As WSJ noted last autumn, 2015 marked the third year in a row that the rate of growth in global trade trailed the already sluggish expansion of global GDP. “It’s almost like the timing belt on the global growth engine is a bit off or the cylinders are not firing as they should,” WTO chief economist Robert Koopman remarked.
Part of the shift is due to China’s transition from an investment-led, smokestack economy to a consumption and services led model and the rest is attributable to the fact that things simply “ain’t what they used to be” in terms of economic fundamentals.
All of this led the OECD to cut its forecast for global growth last September to 3% for 2015. “Global growth prospects have weakened slightly and the outlook is clouded by important uncertainties,” the organization said, adding that “emerging economies have vulnerabilities that could be exposed by rising US interest rates and/or a sharper-than-expected slowdown in China, giving rise to financial and economic turbulence that could also exert a significant drag on advanced economies.”

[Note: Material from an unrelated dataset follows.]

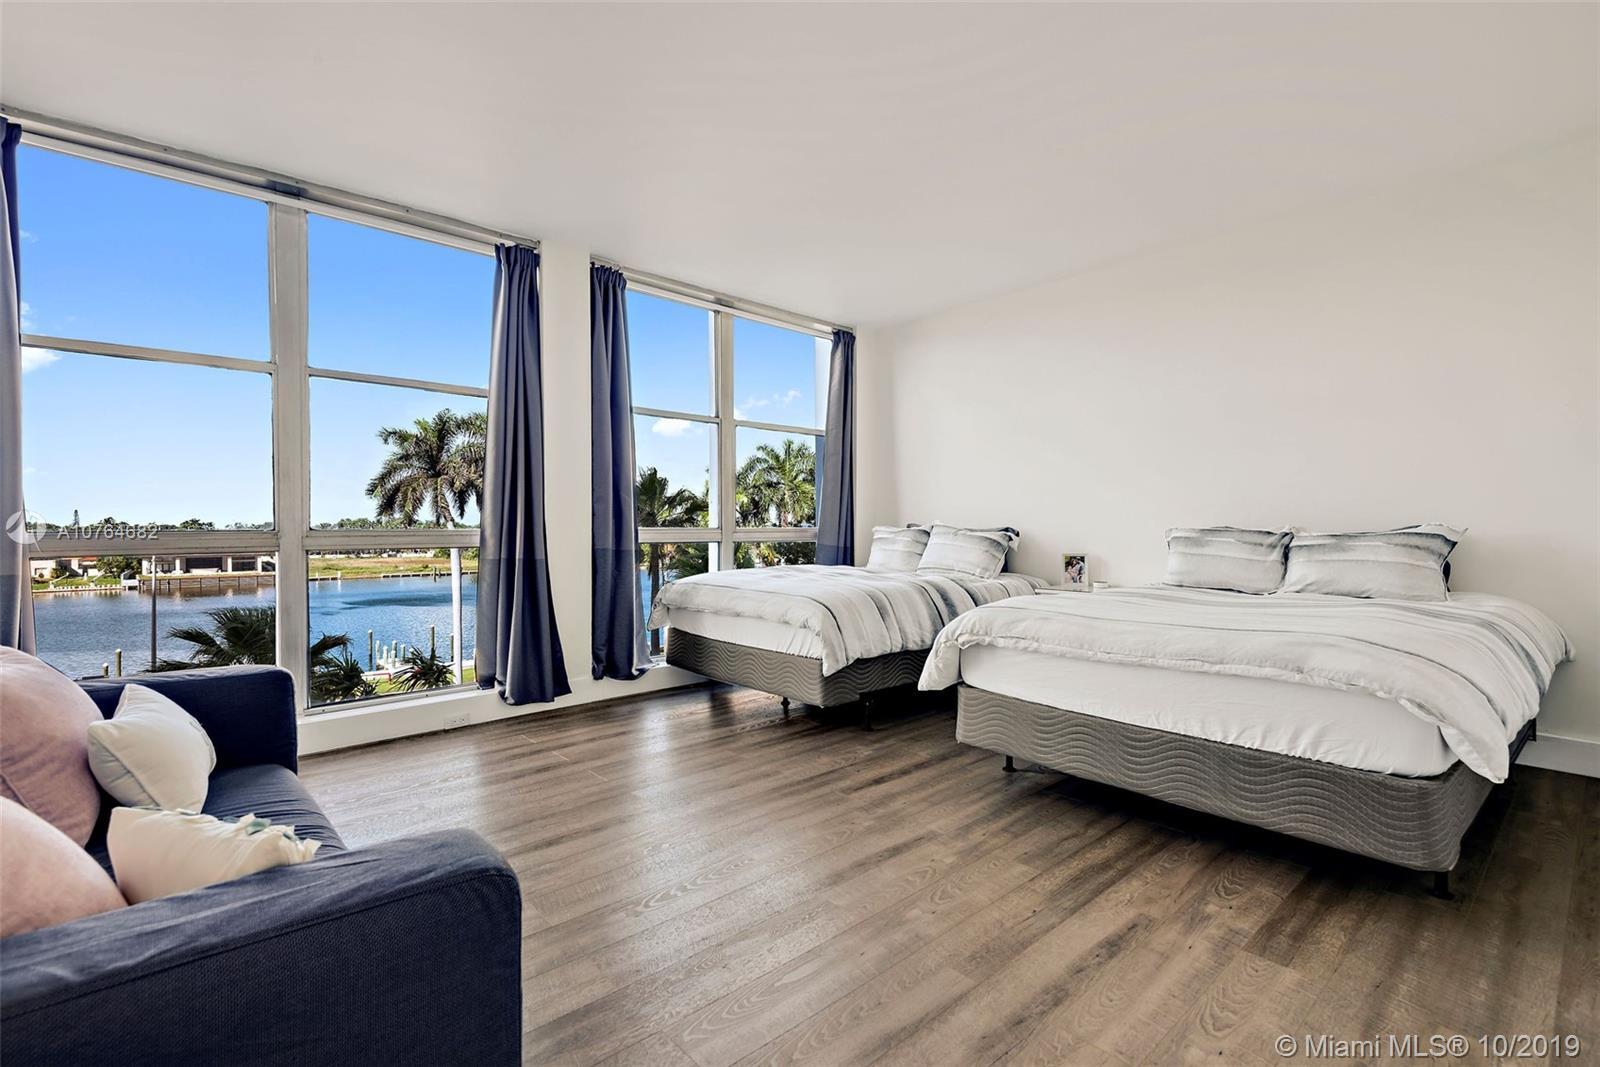 Photo of Crystal House Condominium Apt 4M

Make no mistake, 2016 has certainly demonstrated that EM is vulnerable to liftoff and that a Chinese hard landing (and the attendant devaluation of the yuan) has indeed precipitated “financial and economic turbulence” with the potential to spill over into advanced economies.
Given that, we weren’t surprised to see the OECD cut their 2016 growth forecast to 3% from 3.3% in November. “Global economies have flatlined,” read a tweet from the OECD’s official Twitter. “Urgent policy response needed.”
Global #economies have flat-lined, urgent policy response needed: #OECD’s @CLMann https://t.co/wywZhgVtRQ #growth pic.twitter.com/aMRWJMI7zs
— OECD (@OECD) February 18, 2016
By “urgent policy response,” the OECD is attempting to encourage G-20 finance ministers to come to some kind of consensus in China next week. In other words, they're hoping for a so-called "Shanghai Accord", a reference to the 1985 Plaza Accord which, as BofA reminds us, "agreed to weaken the USD to help America improve its huge trade deficit and spur economic growth out of the doldrums of the early-1980s."
Now that monetary policy has failed miserably when it comes to reviving global demand and trade, the world is looking to fiscal policy for answers. It's right out of the Ben Bernanke playbook: rate cuts and QE not working? Blame lawmakers.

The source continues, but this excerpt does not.